Osteoblasts are mononucleate bone-forming cells. They are located on the surface of osteon seams and make a protein mixture known as osteoid, which mineralizes to become bone. The osteoid seam is a narrow region of a newly formed organic matrix, not yet mineralized, located on the surface of a bone. Osteoid is primarily composed of Type I collagen. Osteoblasts also manufacture hormones, such as prostaglandins, to act on the bone itself. The osteoblast creates and repairs new bone by actually building around itself. First, the osteoblast puts up collagen fibers. These collagen fibers are used as a framework for the osteoblasts' work. The osteoblast then deposits calcium phosphate which is hardened by hydroxide and bicarbonate ions. The brand-new bone created by the osteoblast is called osteoid. Once the osteoblast is finished working it is actually trapped inside the bone once it hardens. When the osteoblast becomes trapped, it becomes known as an osteocyte. Other osteoblasts remain on the top of the new bone and are used to protect the underlying bone, these become known as bone lining cells.

=== Osteocyte ===
Osteocytes are cells of mesenchymal origin and originate from osteoblasts that have migrated into and become trapped and surrounded by a bone matrix that they themselves produced. The spaces the cell body of osteocytes occupy within the mineralized collagen type I matrix are known as lacunae, while the osteocyte cell processes occupy channels called canaliculi. The many processes of osteocytes reach out to meet osteoblasts, osteoclasts, bone lining cells, and other osteocytes probably for the purposes of communication. Osteocytes remain in contact with other osteocytes in the bone through gap junctions—coupled cell processes which pass through the canalicular channels.

=== Osteoclast ===
Osteoclasts are very large multinucleate cells that are responsible for the breakdown of bones by the process of bone resorption. New bone is then formed by the osteoblasts. Bone is constantly remodeled by the resorption of osteoclasts and created by osteoblasts. Osteoclasts are large cells with multiple nuclei located on bone surfaces in what are called Howship's lacunae (or resorption pits). These lacunae are the result of surrounding bone tissue that has been reabsorbed. Because the osteoclasts are derived from a monocyte stem-cell lineage, they are equipped with phagocytic-like mechanisms similar to circulating macrophages. Osteoclasts mature and/or migrate to discrete bone surfaces. Upon arrival, active enzymes, such as tartrate-resistant acid phosphatase, are secreted against the mineral substrate. The reabsorption of bone by osteoclasts also plays a role in calcium homeostasis.

===Composition===

Bones consist of living cells (osteoblasts and osteocytes) embedded in a mineralized organic matrix. The primary inorganic component of human bone is hydroxyapatite, the dominant bone mineral, having the nominal composition of Ca_{10}(PO_{4})_{6}(OH)_{2}. The organic components of this matrix consist mainly of type I collagen—"organic" referring to materials produced as a result of the human body—and inorganic components, which alongside the dominant hydroxyapatite phase, include other compounds of calcium and phosphate including salts. Approximately 30% of the acellular component of bone consists of organic matter, while roughly 70% by mass is attributed to the inorganic phase. The collagen fibers give bone its tensile strength, and the interspersed crystals of hydroxyapatite give bone its compressive strength. These effects are synergistic. The exact composition of the matrix may be subject to change over time due to nutrition and biomineralization, with the ratio of calcium to phosphate varying between 1.3 and 2.0 (per weight), and trace minerals such as magnesium, sodium, potassium and carbonate also be found.

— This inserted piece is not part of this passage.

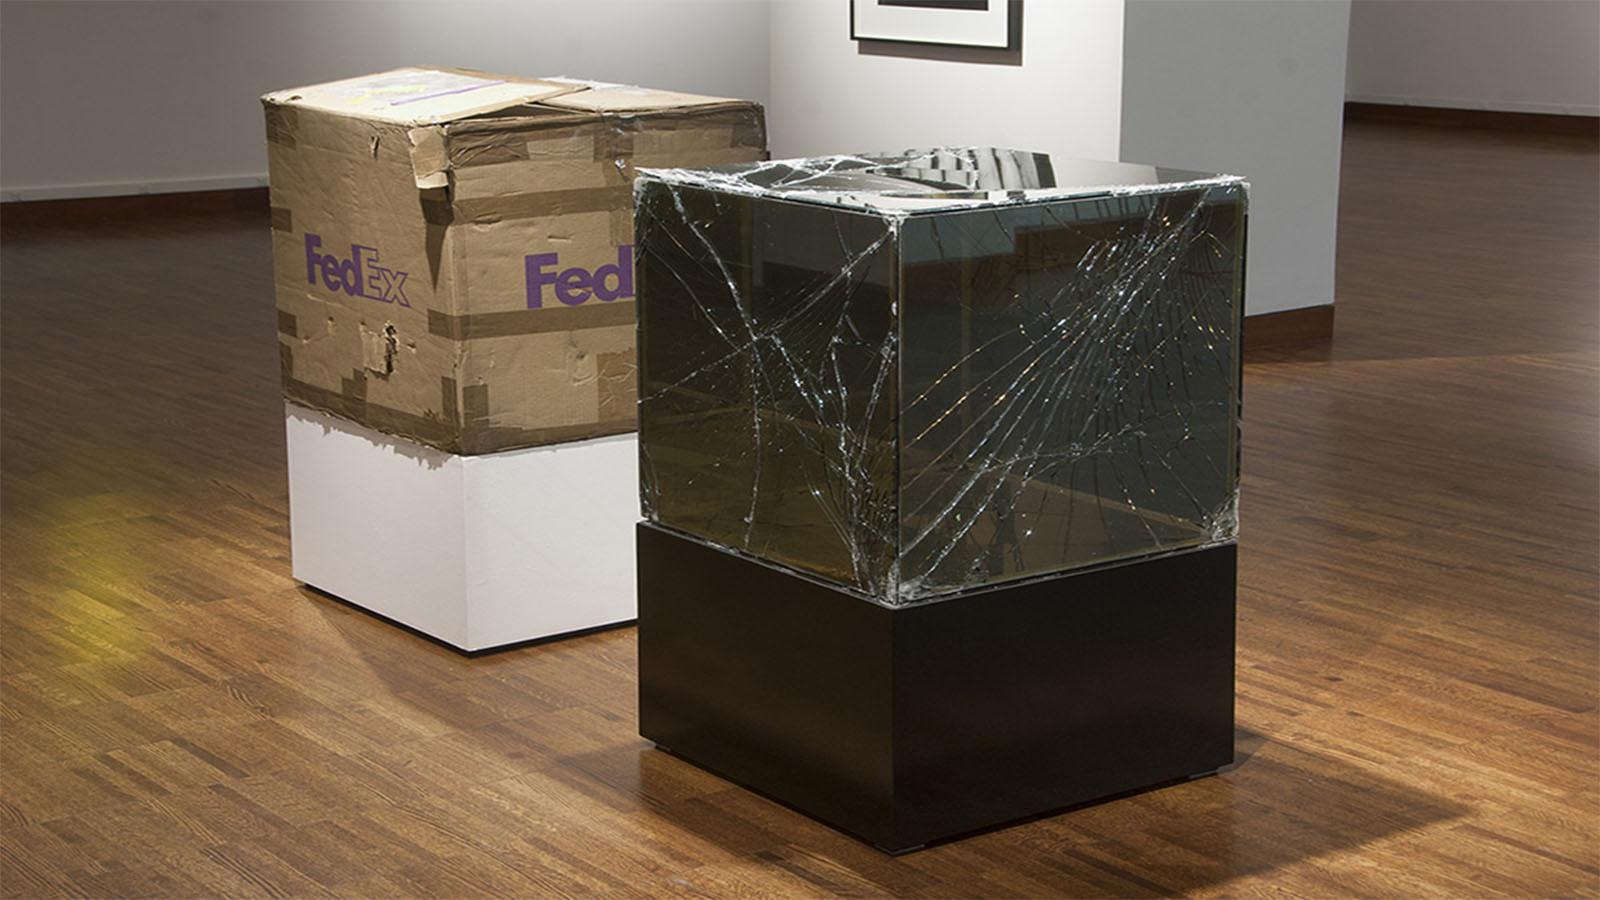 Artista envía por FedEx esculturas destrozadas para exponerlas

Type I collagen composes 90–95% of the organic matrix, with the remainder of the matrix being a homogenous liquid called ground substance consisting of proteoglycans such as hyaluronic acid and chondroitin sulfate, as well as non-collagenous proteins such as osteocalcin, osteopontin or bone sialoprotein. Collagen consists of strands of repeating units, which give bone tensile strength, and are arranged in an overlapping fashion that prevents shear stress. The function of ground substance is not fully known. Two types of bone can be identified microscopically according to the arrangement of collagen: woven and lamellar.

- Woven bone (also known as fibrous bone), which is characterized by a haphazard organization of collagen fibers and is mechanically weak.
- Lamellar bone, which has a regular parallel alignment of collagen into sheets ("lamellae") and is mechanically strong.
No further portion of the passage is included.